The study also revealed a sharp divide. Frontier lab employees regularly discuss recursive improvement as an achievable near-term goal, while academic researchers express systematic skepticism built on decades of unfulfilled promises. Both groups agree on one thing: the pace of progress has surprised them.

Perhaps most telling: 17 of 25 researchers expect that frontier labs will keep their most advanced AI research automation capabilities internal rather than open-sourcing them. Autoresearch democratizes incremental optimization. The tools that produce paradigm shifts may stay behind corporate walls.

Beyond ML: The Autonomous Loop Template

The enterprise implications extend far beyond machine learning. Leaplytics published an analysis arguing that autoresearch is significant not because of what it does with training code, but because of the pattern it demonstrates: fully autonomous iteration against a clear metric.

Any business workflow with measurable outputs is a candidate:

A/B testing that runs hundreds of variants overnight
Infrastructure optimization that tunes configurations continuously
Content generation that iterates on engagement metrics
Sales processes that experiment with outreach strategies

The prerequisite is always the same: an unambiguous success metric, clean data, and a consistent evaluation framework. The lesson isn’t “use autoresearch for your ML.” It’s “identify which of your loops can run autonomously.”

What It Means for AI Agent Platforms

Autoresearch validates a core thesis of the AI agent movement: that the value isn’t in the model itself, but in the orchestration layer that lets agents operate autonomously within constrained environments.

Every element of the system — persistent state on disk, git-based checkpointing, clear evaluation metrics, autonomous decision-making — maps to what agent platforms need to provide at scale. The fact that Tobi ran this from what he called “my pi” (likely a Raspberry Pi or personal compute setup) demonstrates that the compute requirements are modest. The intelligence is in the orchestration.

This is why agent platforms matter. Most people won’t set up autoresearch from scratch. They’ll want a managed service that handles the infrastructure, provides the compute, and lets them focus on what matters: defining the objective and reviewing the results.

The Singularity Question

The dawn of the singularity

The morning after his overnight experiment, Tobi posted a follow-up: “the singularity has begun. so many signs.”

Is that hyperbole? Maybe. But consider what just happened. A 630-line open-source script enabled a non-researcher to achieve ML improvements that would have required a dedicated team months ago. The script ran on commodity hardware. The results were real and transferable. And the system is getting better — community contributions are pouring in, the SETI@home vision is taking shape, and the feedback loop between AI capability and AI research is tightening.

The Hacker News community pushed back on the singularity framing, noting that autoresearch currently operates within a narrow optimization space — more hyperparameter search than genuine discovery. That’s a fair critique. Karpathy acknowledged that current models feel “cagy and scared” when facing truly open-ended problems.

But the trajectory is what matters. The gap between “optimizes hyperparameters” and “discovers new architectures” is a capability gap, not a conceptual one. The framework is the same. The agent just needs to get better.

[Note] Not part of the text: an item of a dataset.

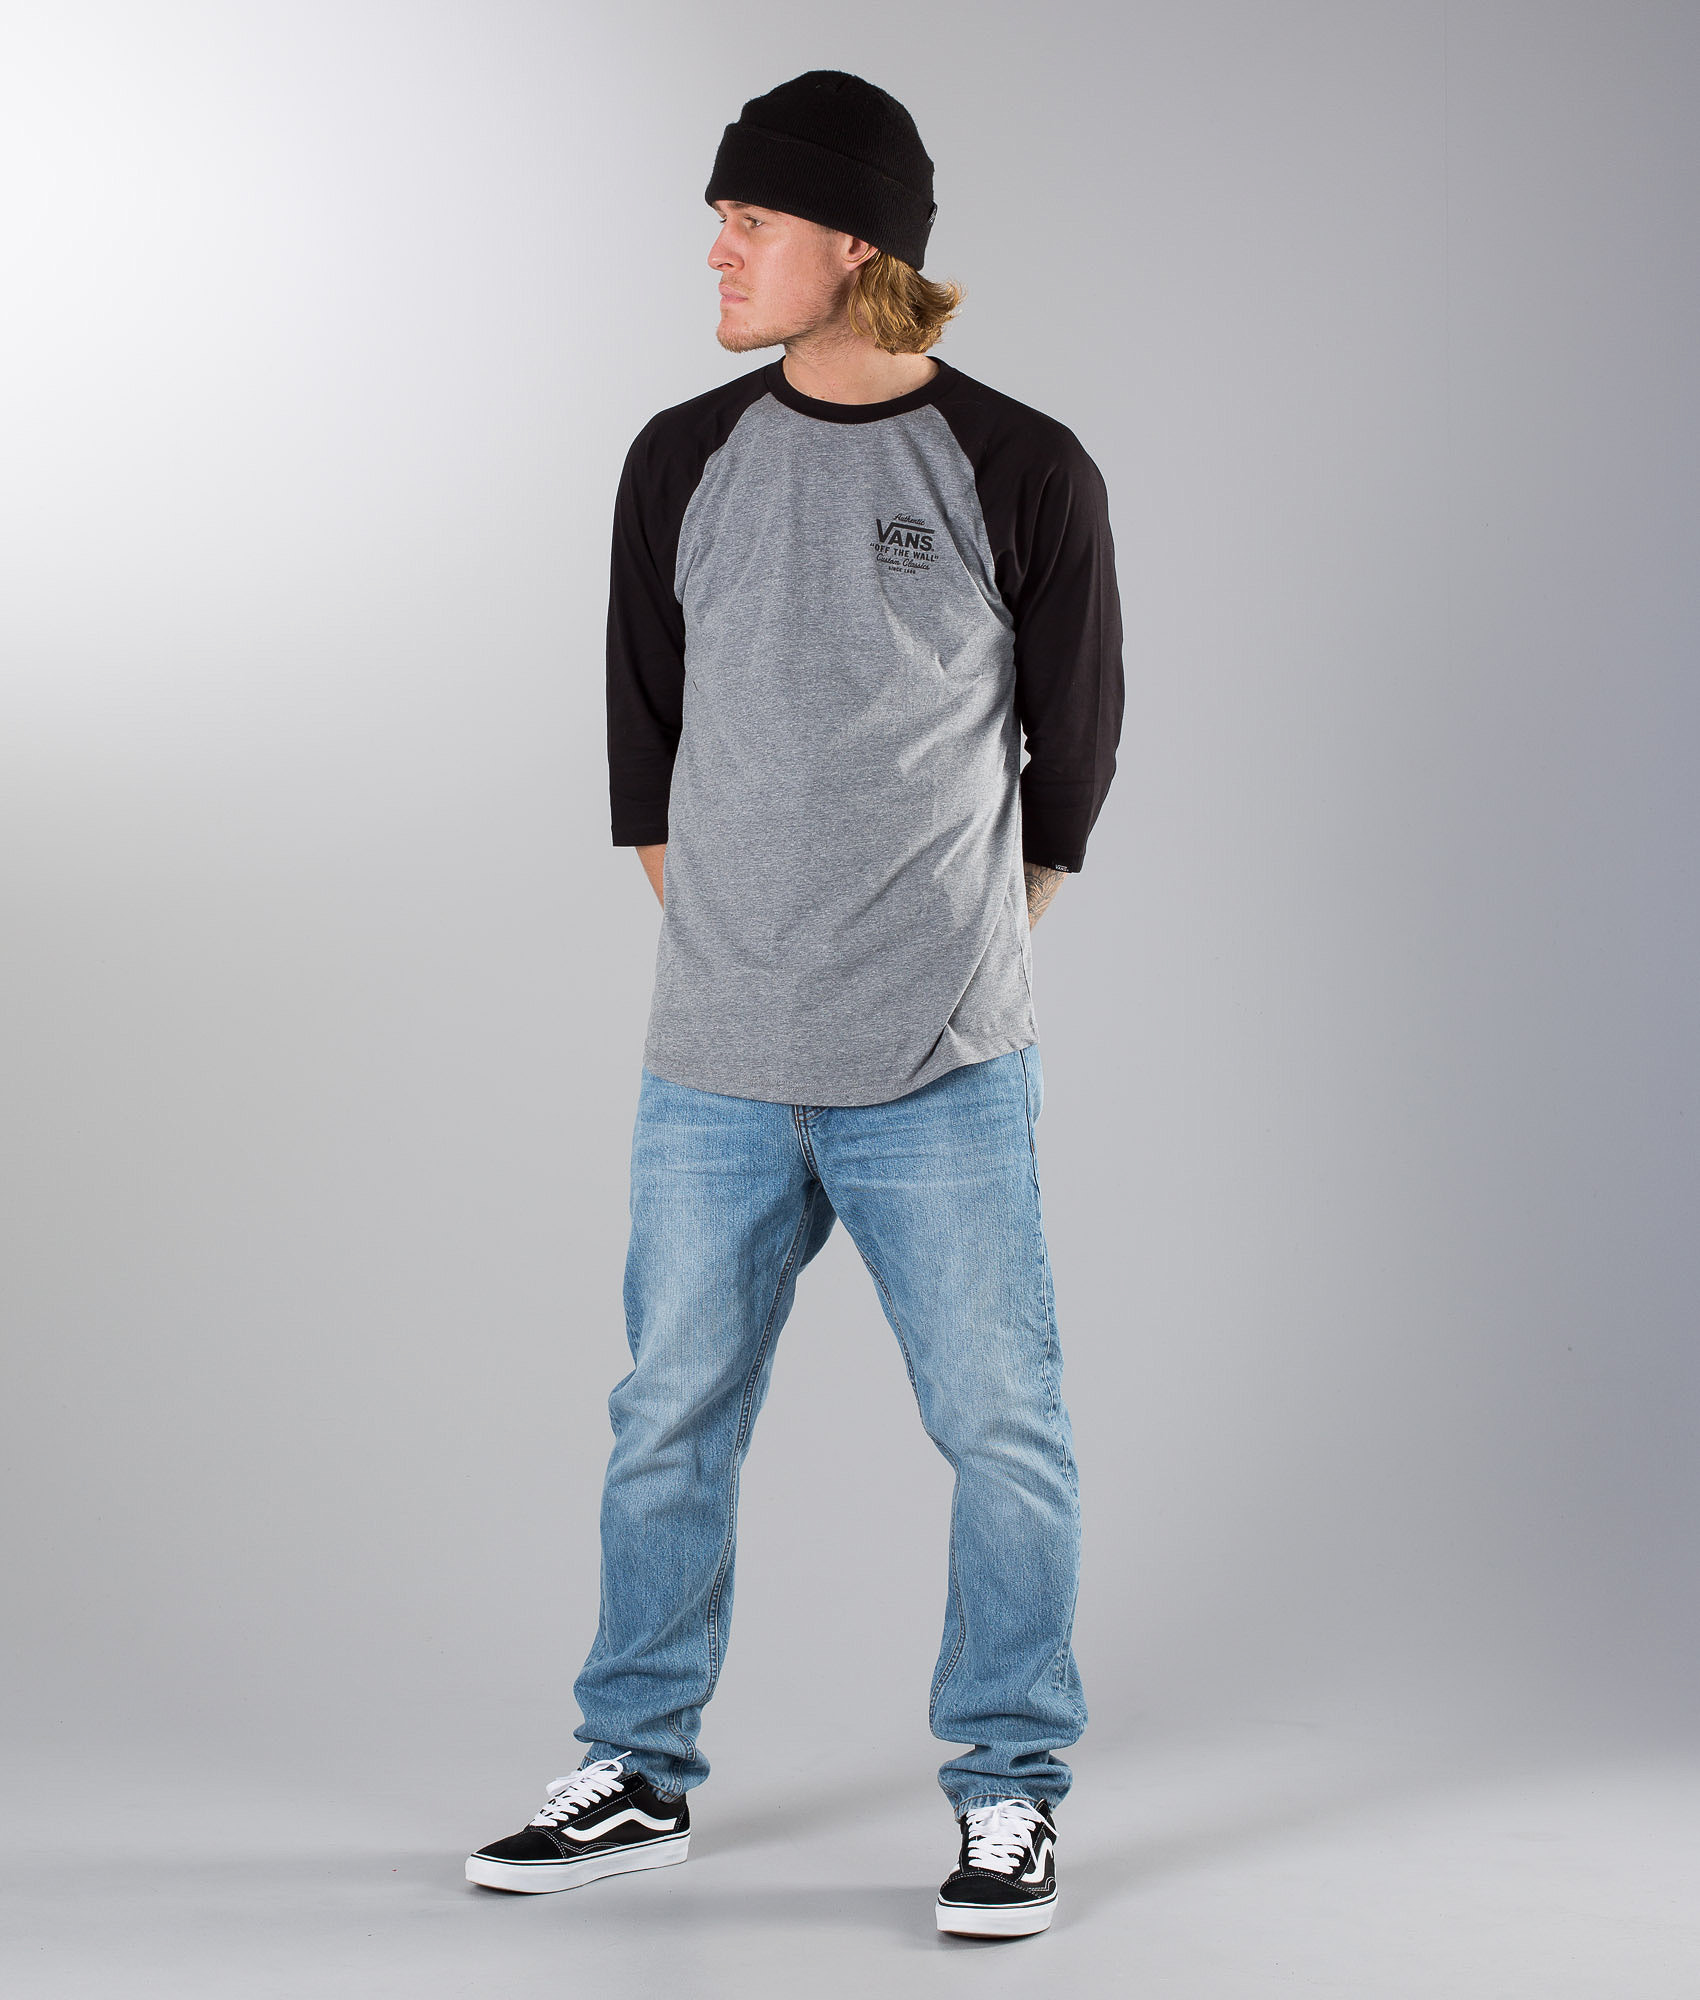 016c1920618 Vans Holder St Raglan T-shirt Heather Grey-Black - Ridestore.com

And if there’s one thing autoresearch demonstrates, it’s that agents are getting better fast.

Takeaways

Autonomous AI research is no longer theoretical — it’s running on consumer hardware and producing real results
The bottleneck has shifted from execution to instruction design — the quality of your program.md determines your outcomes
Non-experts can now achieve research-grade results — the democratization of ML is accelerating
Every measurable workflow is a candidate for autonomous optimization — ML was first because the metric was cleanest
The recursive improvement loop has begun — AI agents are now improving AI systems, and the pace is increasing

Sources: Analysis synthesized from 10 sources including Karpathy’s autoresearch announcement, Tobi Lütke’s overnight results, GitHub repository, arXiv study on AI researcher perspectives, and community discussions on Hacker News.